How to overcome 8192 character limit in text indexing for ElasticSearch

25 views

Skip to first unread message

Jon Ku

unread,

Feb 14, 2024, 4:40:48 PMFeb 14

to dotCMS User Group

According to the documentation page at https://www.dotcms.com/docs/latest/how-content-is-mapped-to-elasticsearch

"Only the first 8192 characters of Raw fields are indexed, and thus sorting is only performed based on the first 8192 characters for these fields."

It appears that all text, textarea and wysiwyg fields are Raw, in which case our large blog articles will not be fully indexed, which is a business requirement and was fine when we used Solr (similar to Elastic).

I can see that one advantage of this rule is to make indexing a faster process, and it also keeps the index to a smaller size. We currently have some 70,000 documents and are able to generate an incremental index hourly, on relatively standard hardware (single server for CMS and index generation, with search instance in the cloud).

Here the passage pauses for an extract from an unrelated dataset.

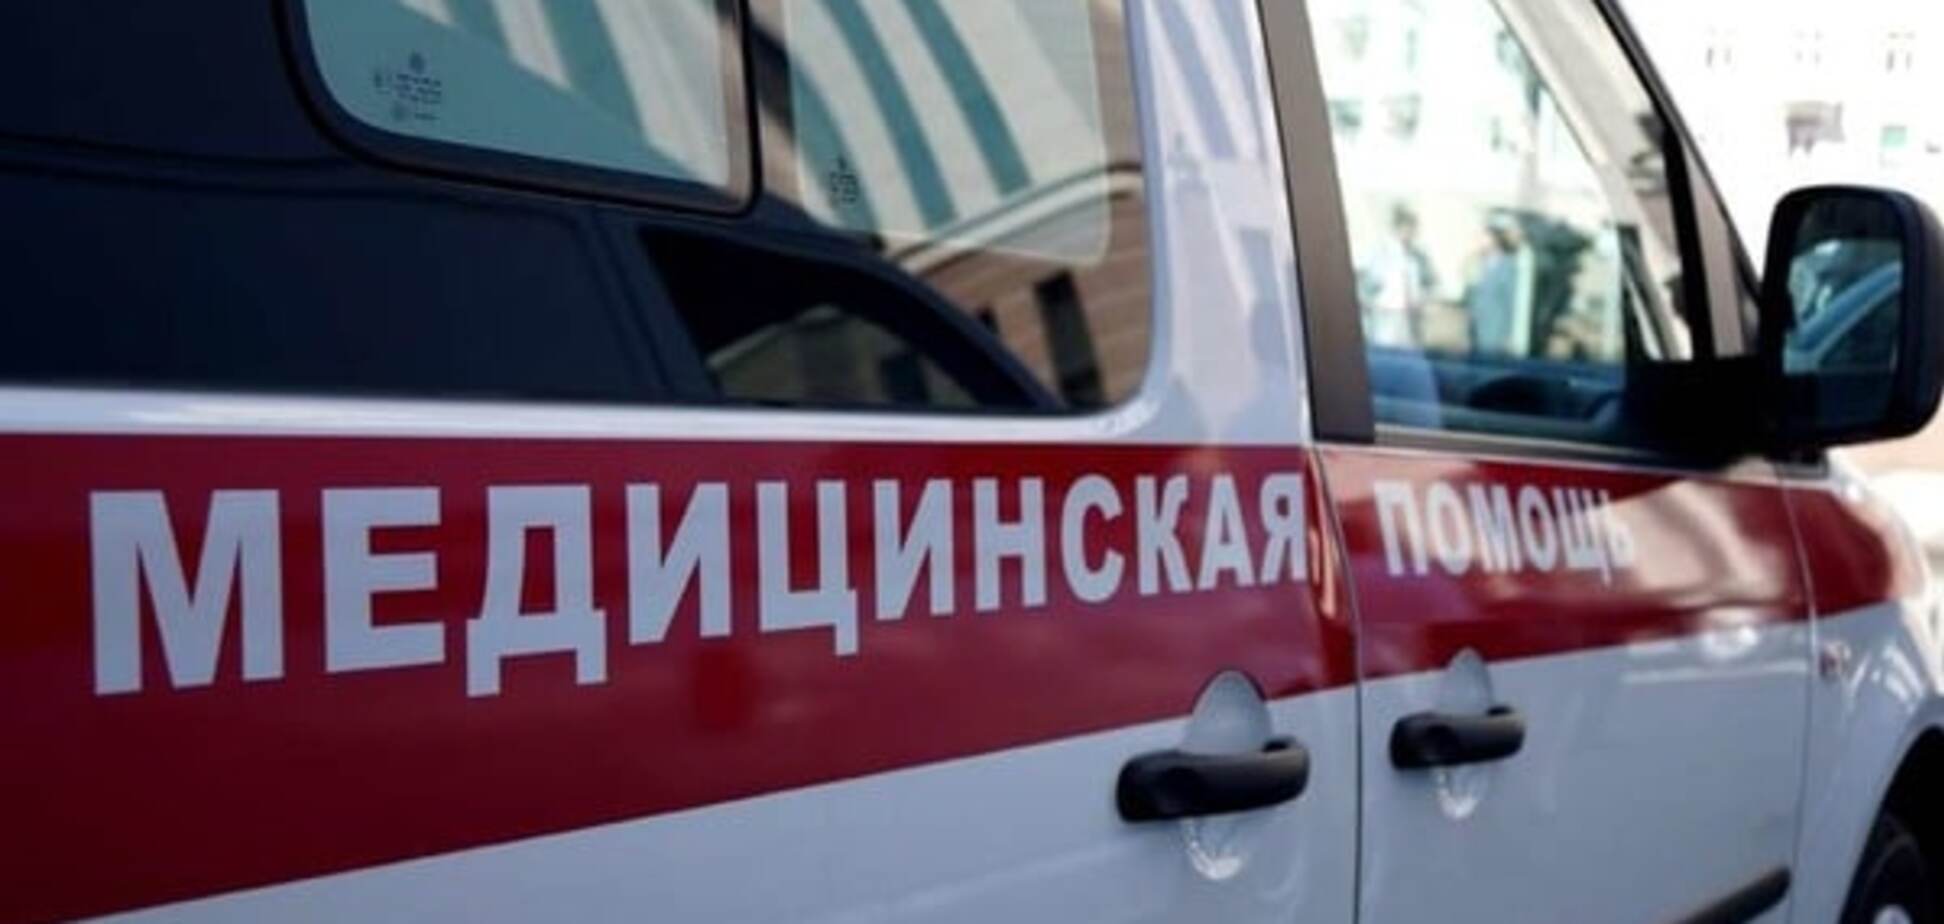 Українець постраждав у масштабній аварії в Росії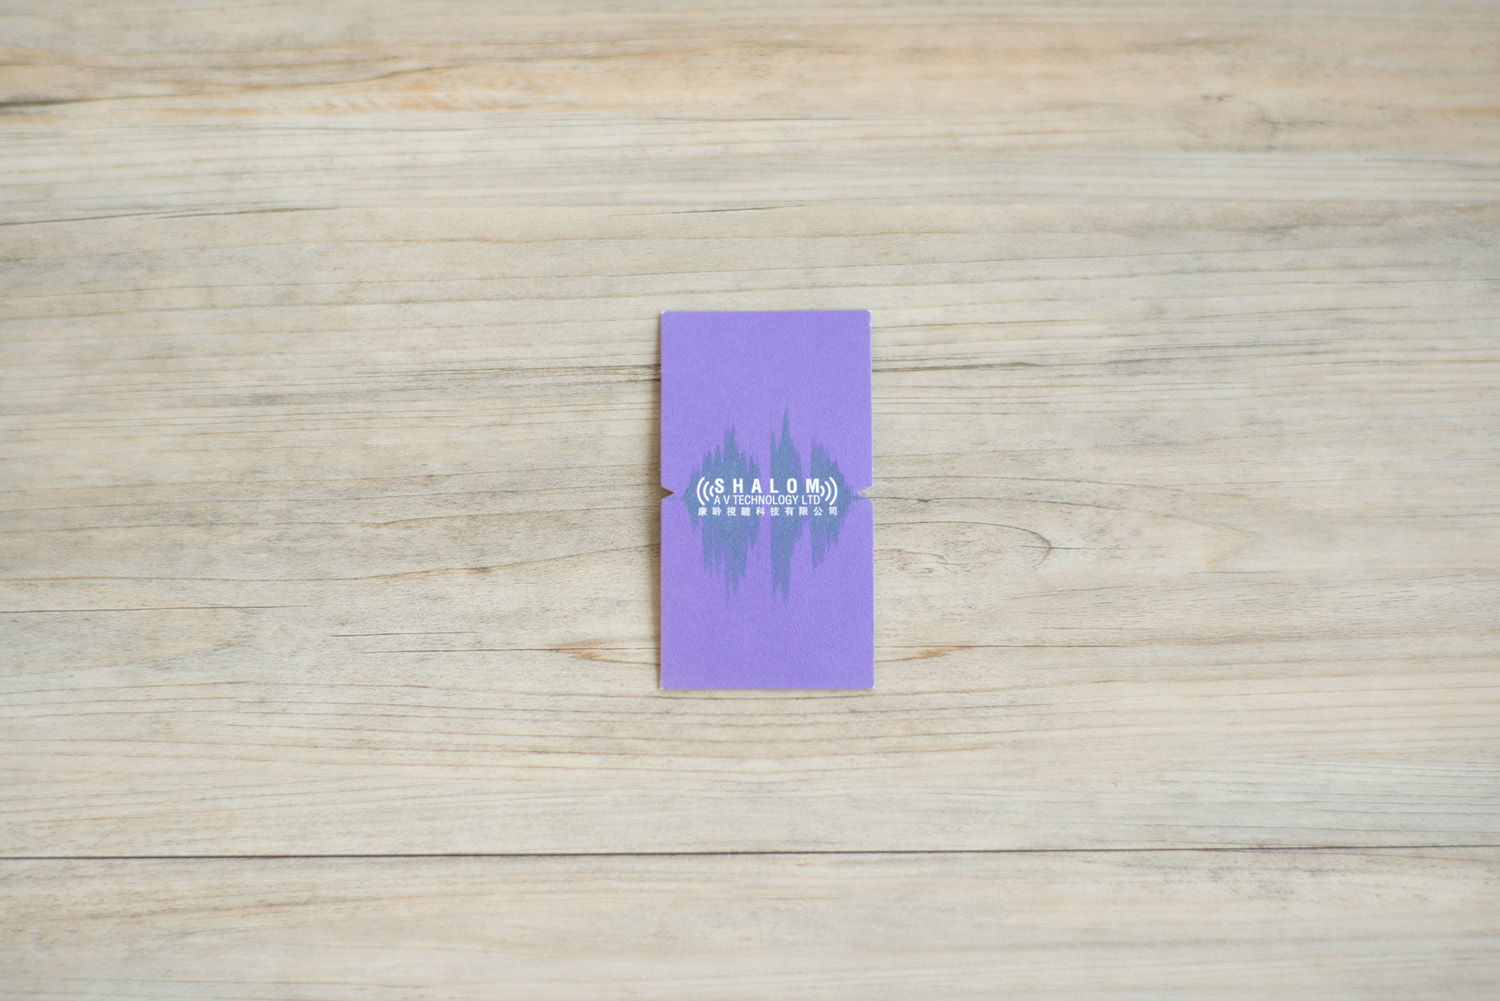 Shalom AV – Namecard design

Does anyone know where this value is controlled, or will we need to set up a custom instance of Elastic and/or a manual indexing process?

Any hints are welcome, thanks.

- Jon

Jon Ku

unread,

Feb 23, 2024, 7:47:37 AMFeb 23

to dotCMS User Group

SOLVED

I am told that the 8192 limit is only for the Raw data used for sorting, but the entire document is indexed for search.